The appearance of wild ramps is often heralded by the gourmet community with excitement and urgency. Last year I didn’t see any at the market myself, but this year I was pleasantly surprised to find them at the Grand Army Plaza Farmer’s Market. Despite the $16/pound price, I decided to pick some up and try them out.

Yoshi Yamada, former Babbo chef, posted this article on Gourmet.com about ramps, and included a few recipes. For my first foray into ramp cooking, I decided to go the simplest route and sear them in olive oil with salt and pepper, and a little lemon juice. With this recipe, says Yamada, you can “celebrate the end of winter.” The result, I have to say, was underwhelming. Chefs often refer to some flavors as “delicate,” which can be code for “non-existent.” There was the texture of scallions or spring onions, but hardly any flavor at all.
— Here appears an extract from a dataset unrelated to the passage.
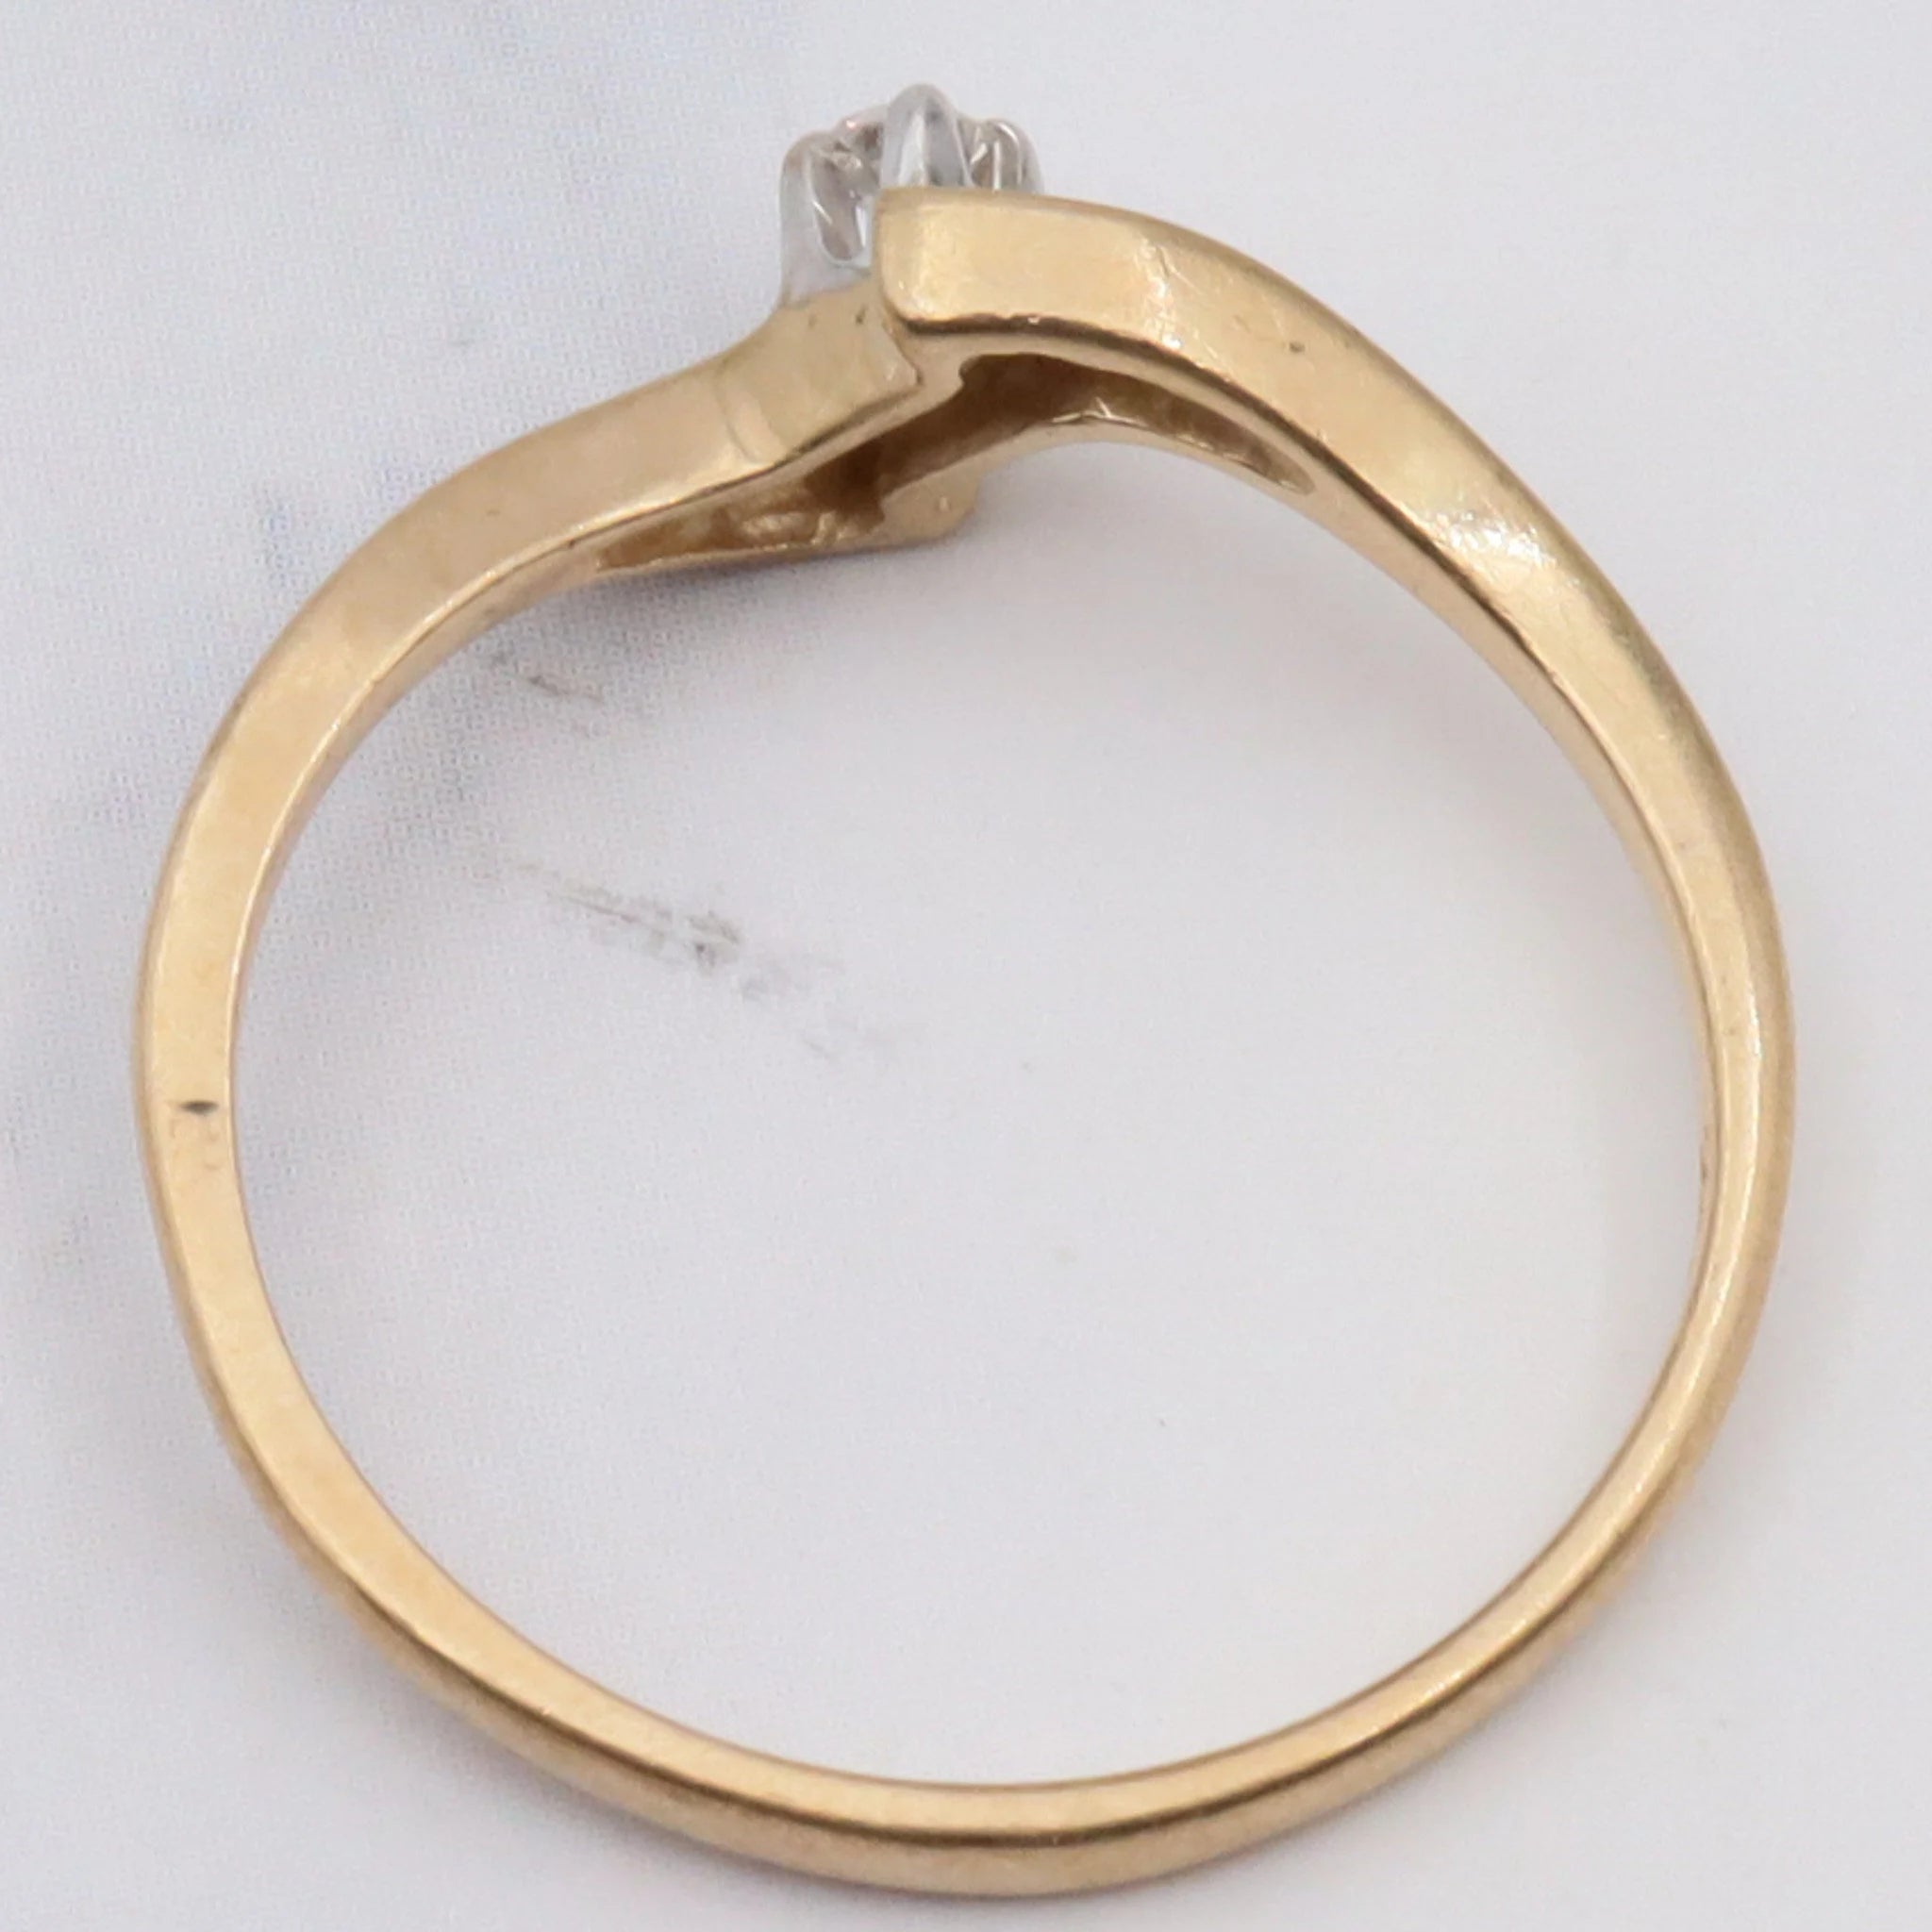 Vintage retro 10k gold and diamond ring - size 6 1/2
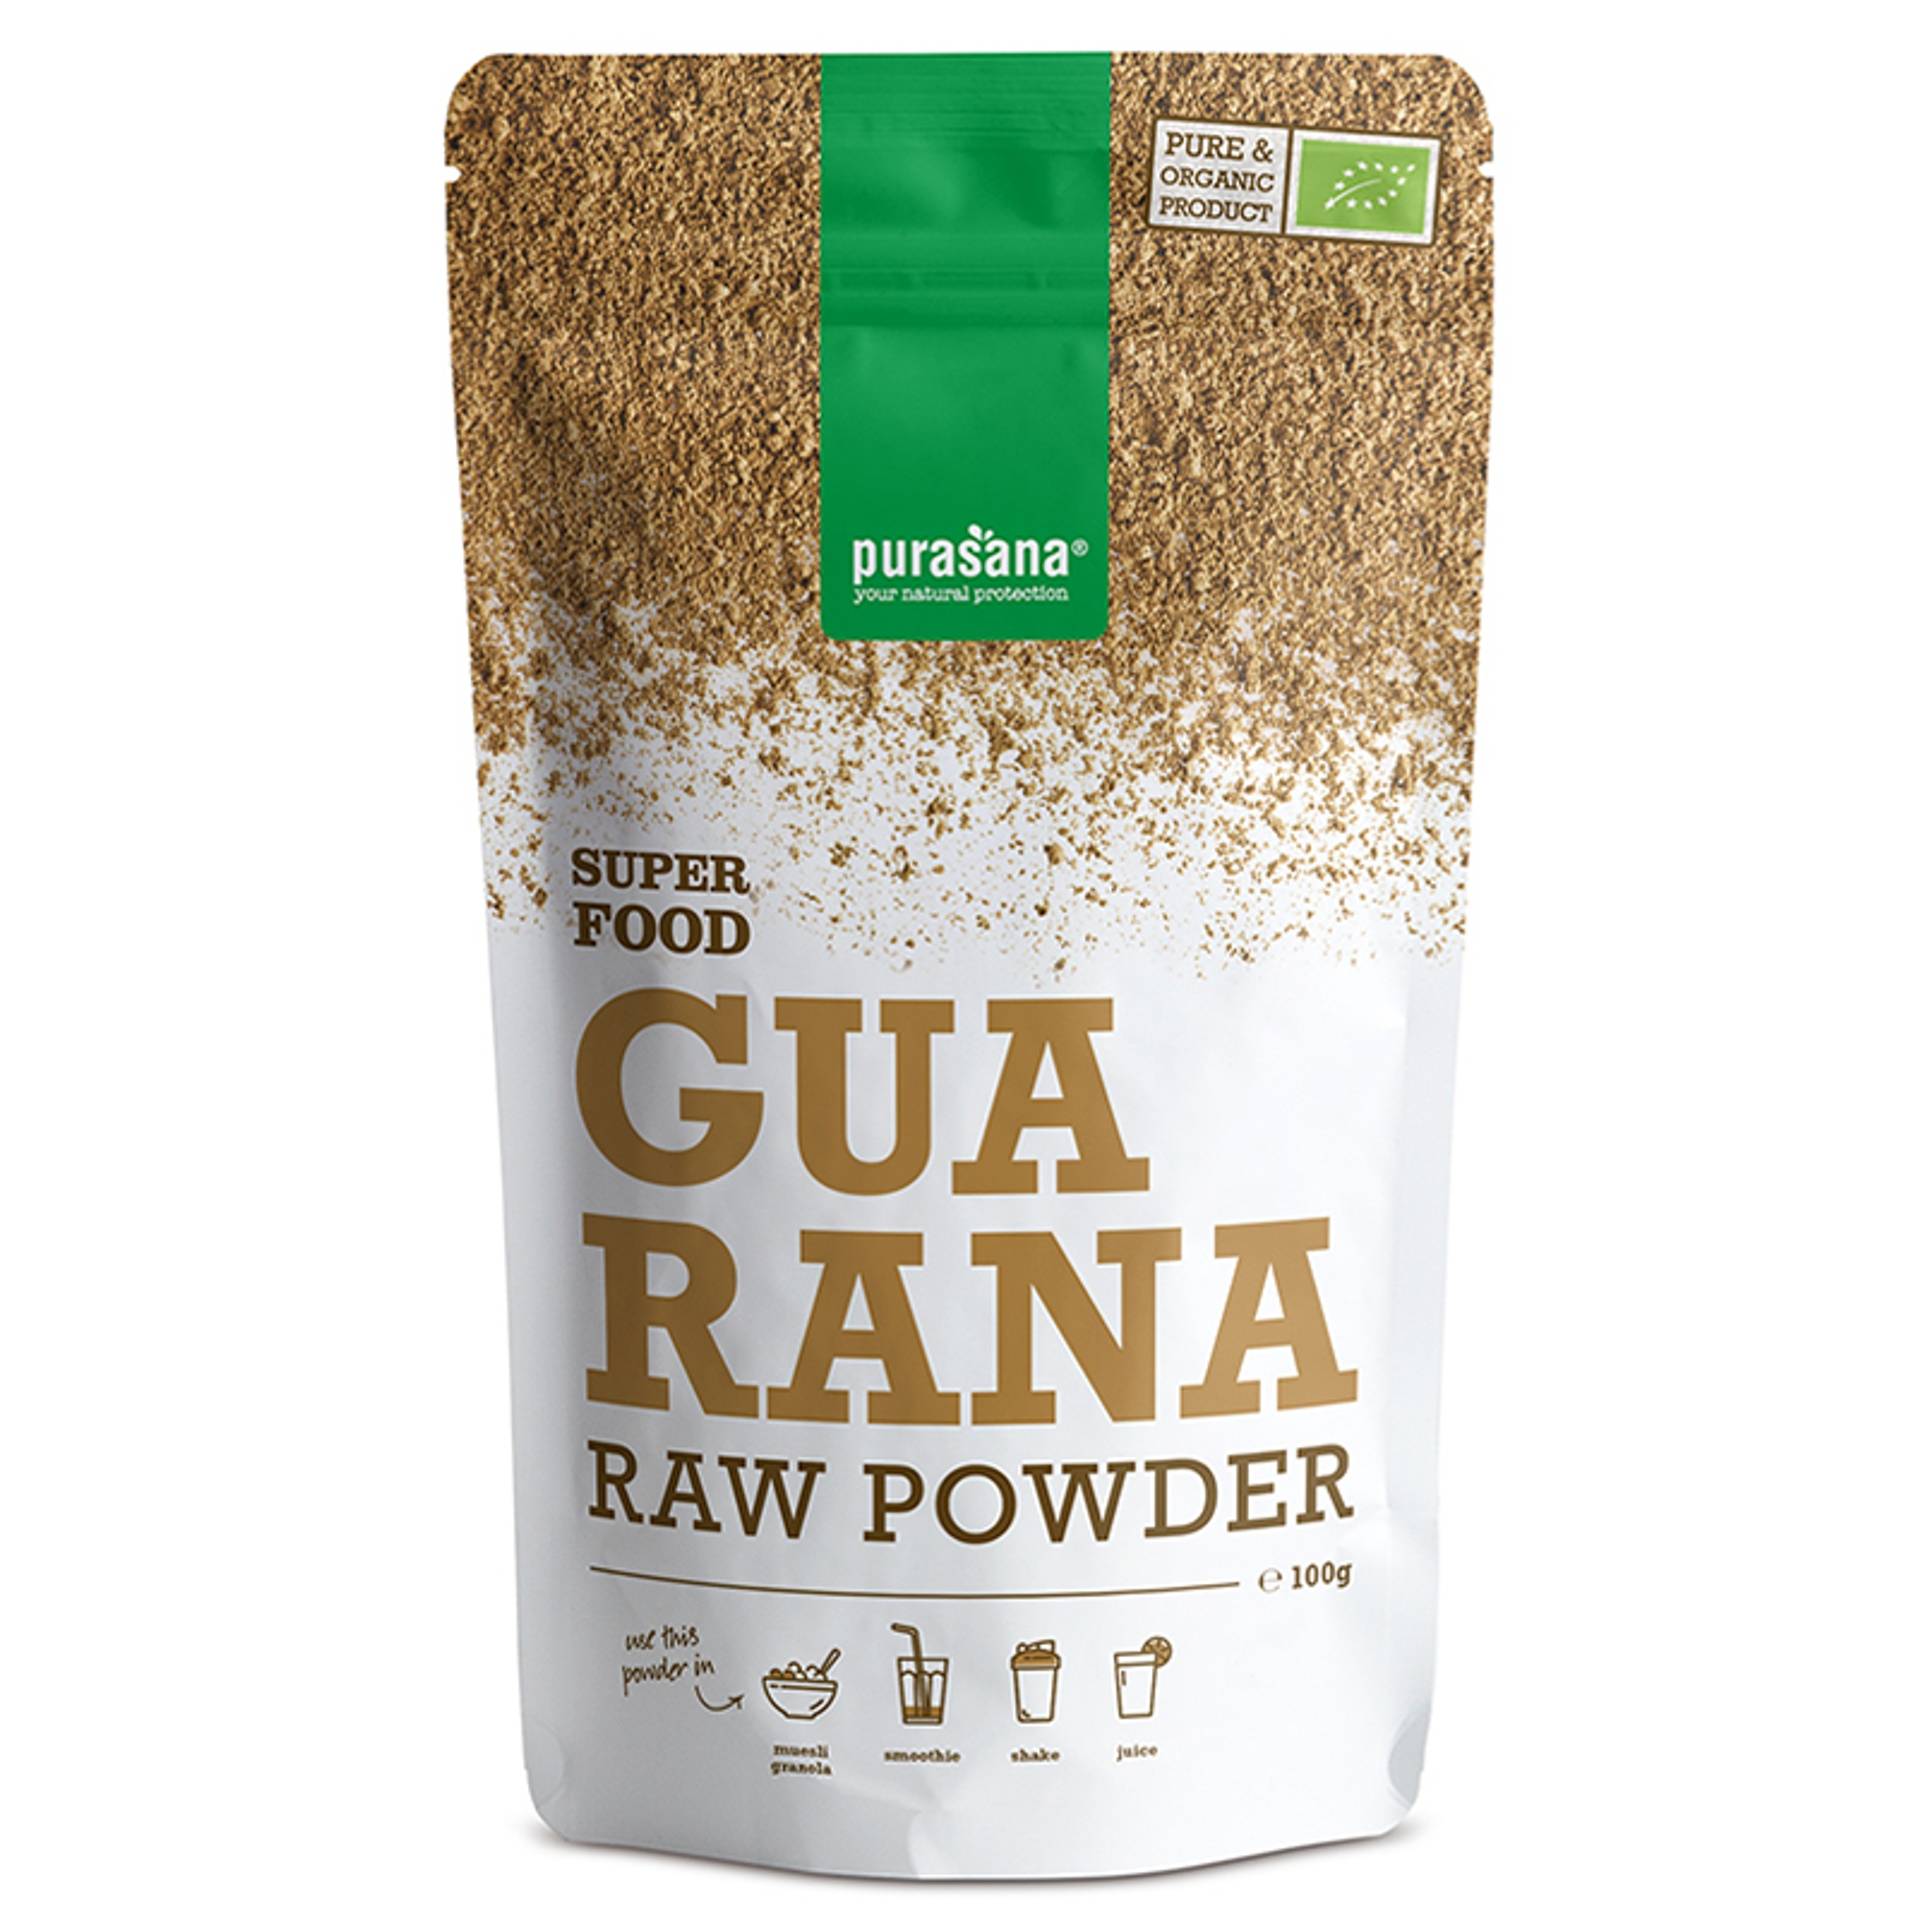 Purasana_Guarana-Raw-Powder.jpg

I decided to add some parmesan to boost the flavor of the dish. I wondered if the lemon might have overpowered the ramps, so the next week I picked up ramps again.

This time at the market the lady behind the counter asked me if I had any favorite ramp recipes. I told her I did not, and asked if she had any ideas. She recommended chopping up the root end and adding them to scrambled eggs. Instead, i went back to Yamada and prepared his pasta dish, which he calls his “favorite pasta ever.” It’s pretty straightforward: rams, garlic, breadcrumbs, and cheese. Once again, I failed to detect any distinct flavor. I began to wonder if ramps weren’t a bit overrated, though I am certainly not alone in wondering this.

I bought ramps once again last week. The lady told me that this would probably be the last week they were available. “Savor them!” she called after me. I vowed to try. I did some research for more ramp recipes, and came across this blog post about ramp risotto. It was a little chilly on Monday, so when I got home from work I decided risotto would hit the spot.

I sauteed celery, carrot, and onion in olive oil, added rough chopped ramp roots and stems, and salt and pepper. Then came the rice, then some wine, and then intermittent additions of broth. When the risotto was almost done, I threw in the ramp leaves, julienned, and a handful of parmesan.

This was the best dish I had made with ramps, there was actually a light onion-y flavor that permeated the risotto, though I feel like I could have done that with onions alone. So why the big deal about ramps?

I think it has to do with the extreme seasonality of the ramps. They are only available for a few weeks, in late April and early May. The scarcity makes them sought after when they are available, and that is an impulse I understand completely. So despite the “delicate” flavor, I can’t wait until they are available again next year.